Господа, теперь вопрос такой: будем мы делать перерыв или не будем? Это зависит от вас. Сюда приходил какой-то супервизор и сказал, курить здесь нельзя. В аудитории нельзя, да. Ну так что, делаем перерыв или нет? Делаем.


Дудинцев. «Литературная Москва»

Господа, есть вопросы по тому, что я сейчас говорю? Или позже к этому перейдем?
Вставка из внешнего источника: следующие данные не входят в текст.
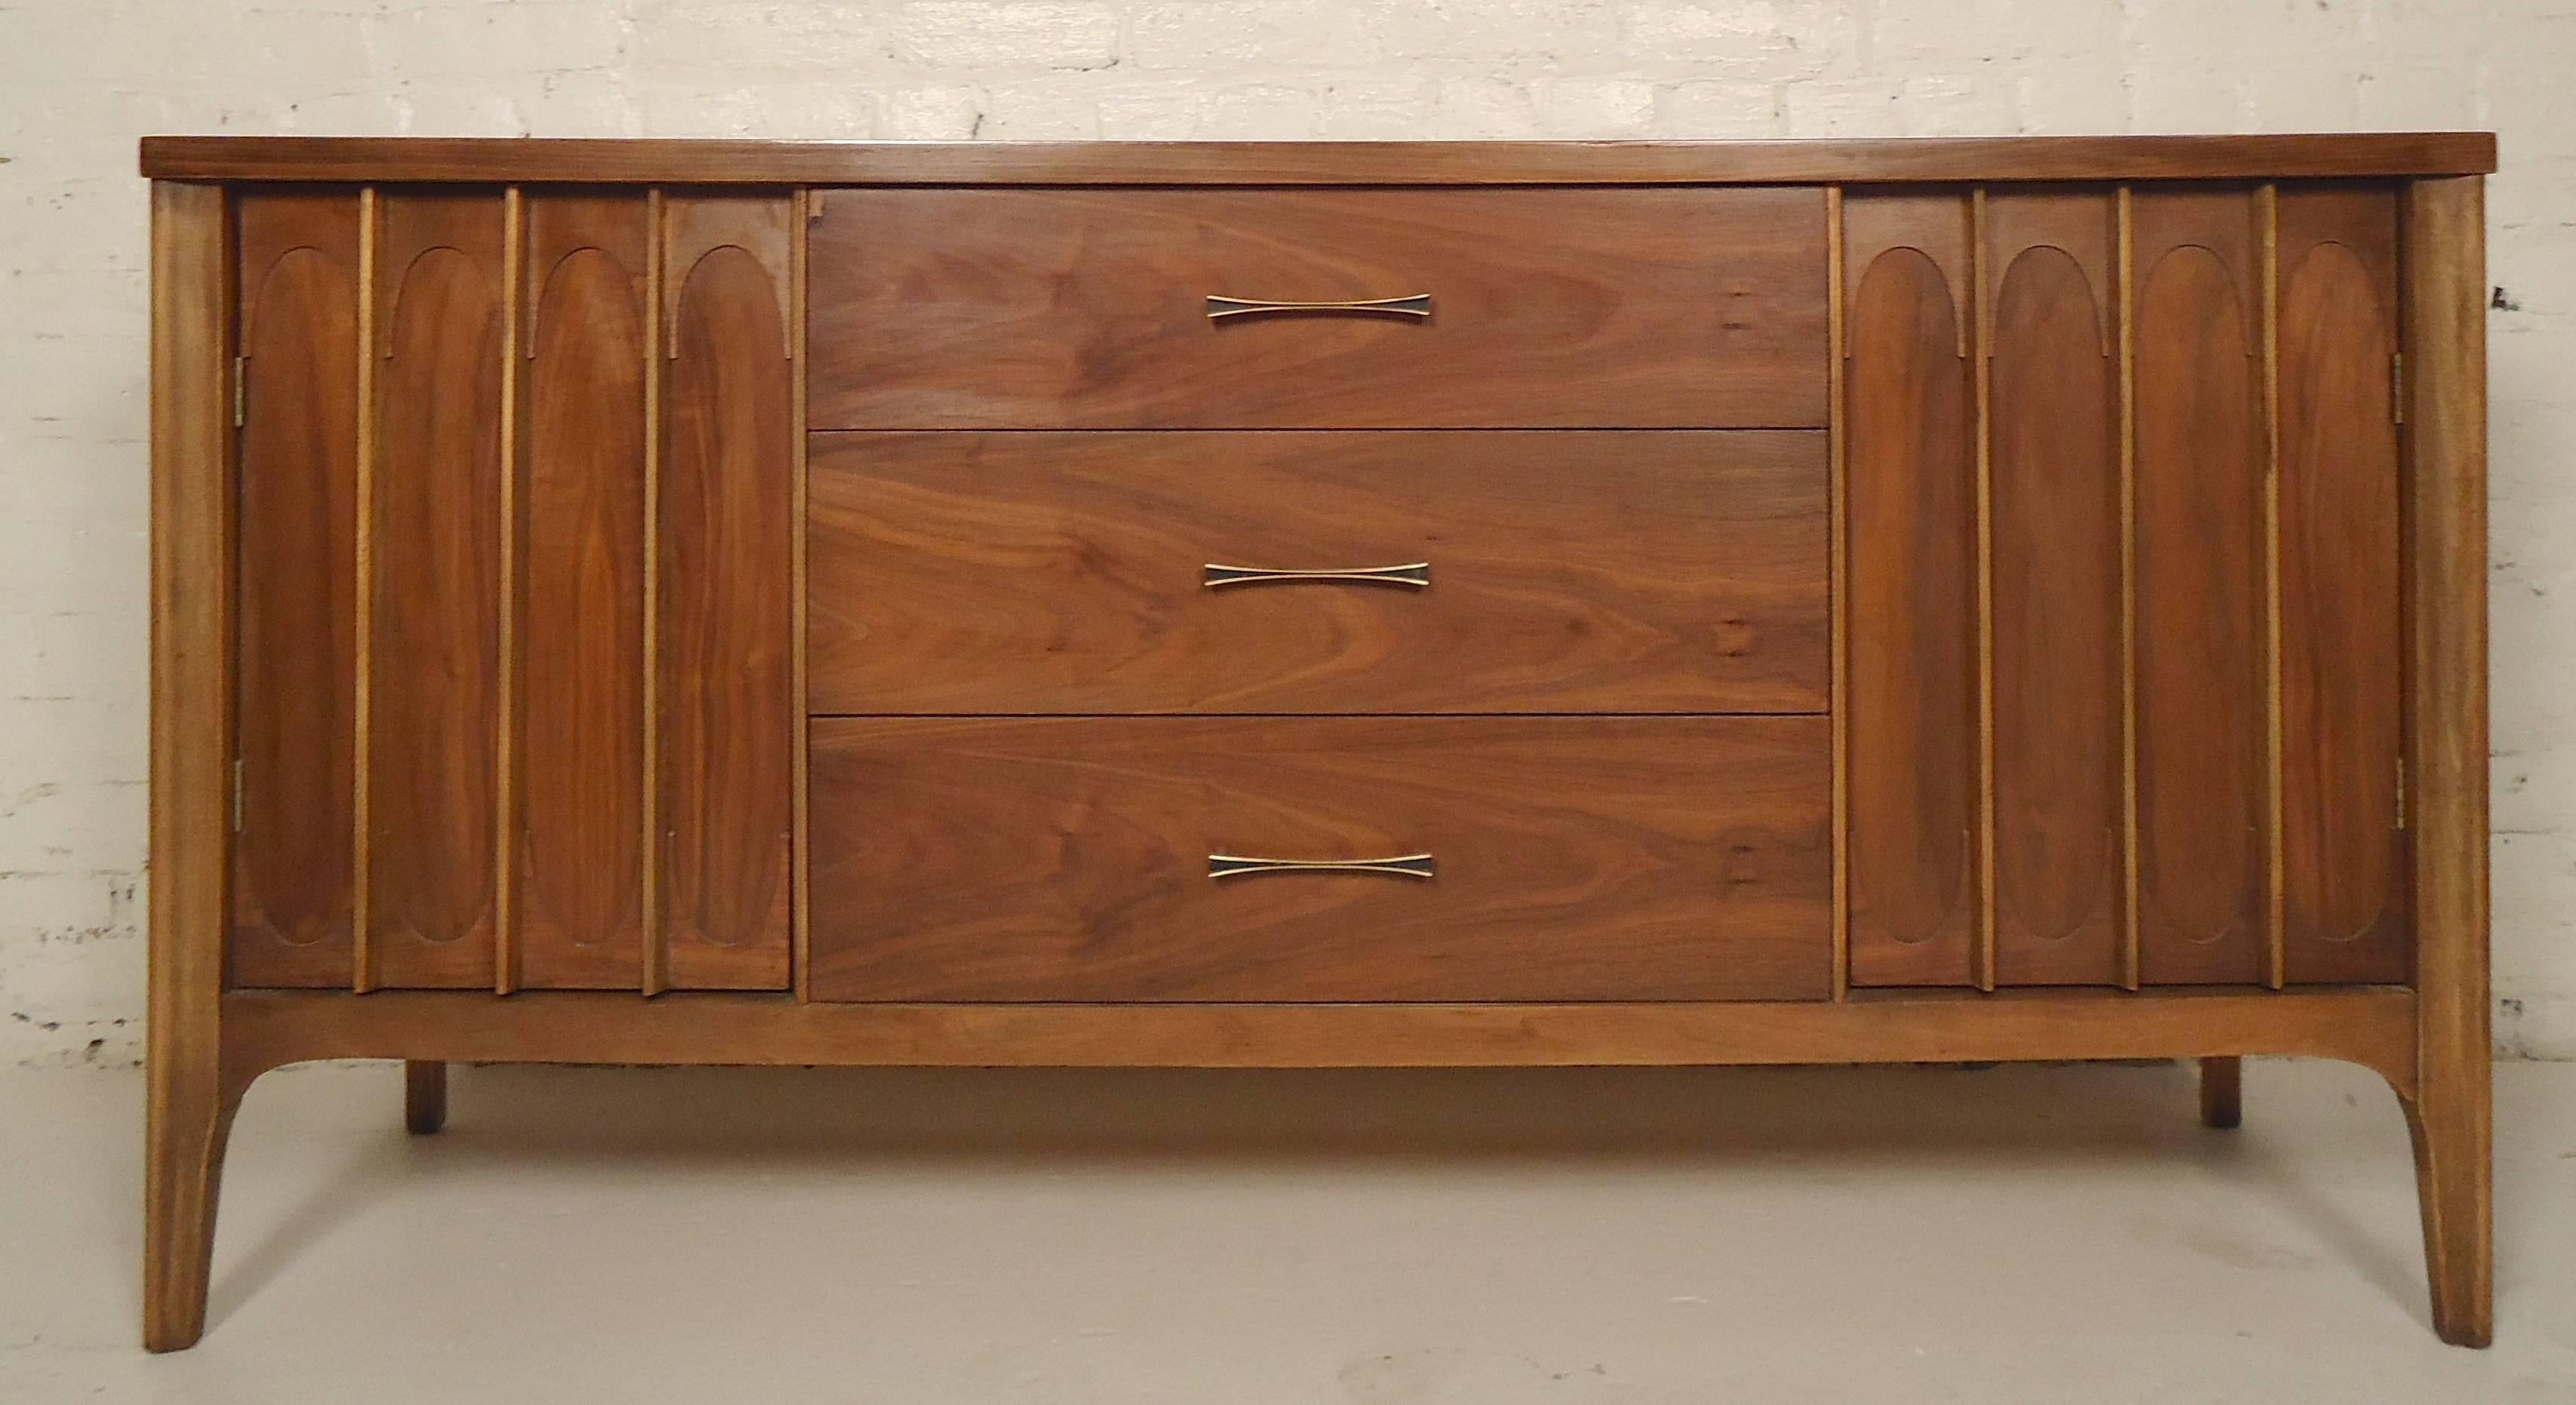 Vintage modern long dresser with wide drawers and side cabinets. Walnut grain, sculpted doors, brass colored handles. Great for bedroom or living room.

(Please confirm item location - NY or NJ - with dealer).
 

Вторая книга, которая стала бомбой того времени, которую мне не удалось найти, – это книга Владимира Дудинцева «Не хлебом единым». Я буду писать на доске имена писателей (пишет). Дудинцев. И я был даже доволен, что не достал эту книгу, потому что, как я уже сказал, она довольно скучновата, но тогда была действительно каким-то взрывом, потому что впервые в ней появились портреты – и довольно резкими красками написанные – советских партийных бюрократов. И именно поэтому они, узнав там себя, начали яростную кампанию против Дудинцева, размаха, пожалуй, антипастернаковской кампании. Это была первая широкая кампания по всей стране, когда трудящиеся включаются и выражают свое возмущение. Мы о кампании такого рода будем говорить, когда я коснусь Пастернака, «Доктора Живаго», когда появляются в газетах письма ткачей, металлургов, которые никогда не читали книгу, но тем не менее ее громят. Я сам был однажды жертвой такой кампании, но не такой массированной. У меня был маленький рассказ о таксисте-жулике в Крыму: довольно привычная фигура – таксист, который немножко жулик, ничего особенного. И однажды я шел по Москве вечером и вдруг вижу – на здании газеты «Известия» есть световая газета, там идут буквы новостей: среди новостей типа «Король Иордании Хусейн сделал резкий протест американскому правительству», или еще что-то, – письмо ялтинских таксистов писателю Аксенову. Увидел своими глазами! (Смеется.) Они протестовали против того, что я оклеветал честных ялтинских таксистов. Потом выяснилось, что никто из них не читал, конечно, этого рассказа, а просто в «Известиях» какой-то журналист пишет, затем звонит в этот таксомоторный парк и говорит: «Нам нужно две-три фамилии ваших хороших рабочих, передовых, для подписи». Ему называют фамилии, и так появляется новость.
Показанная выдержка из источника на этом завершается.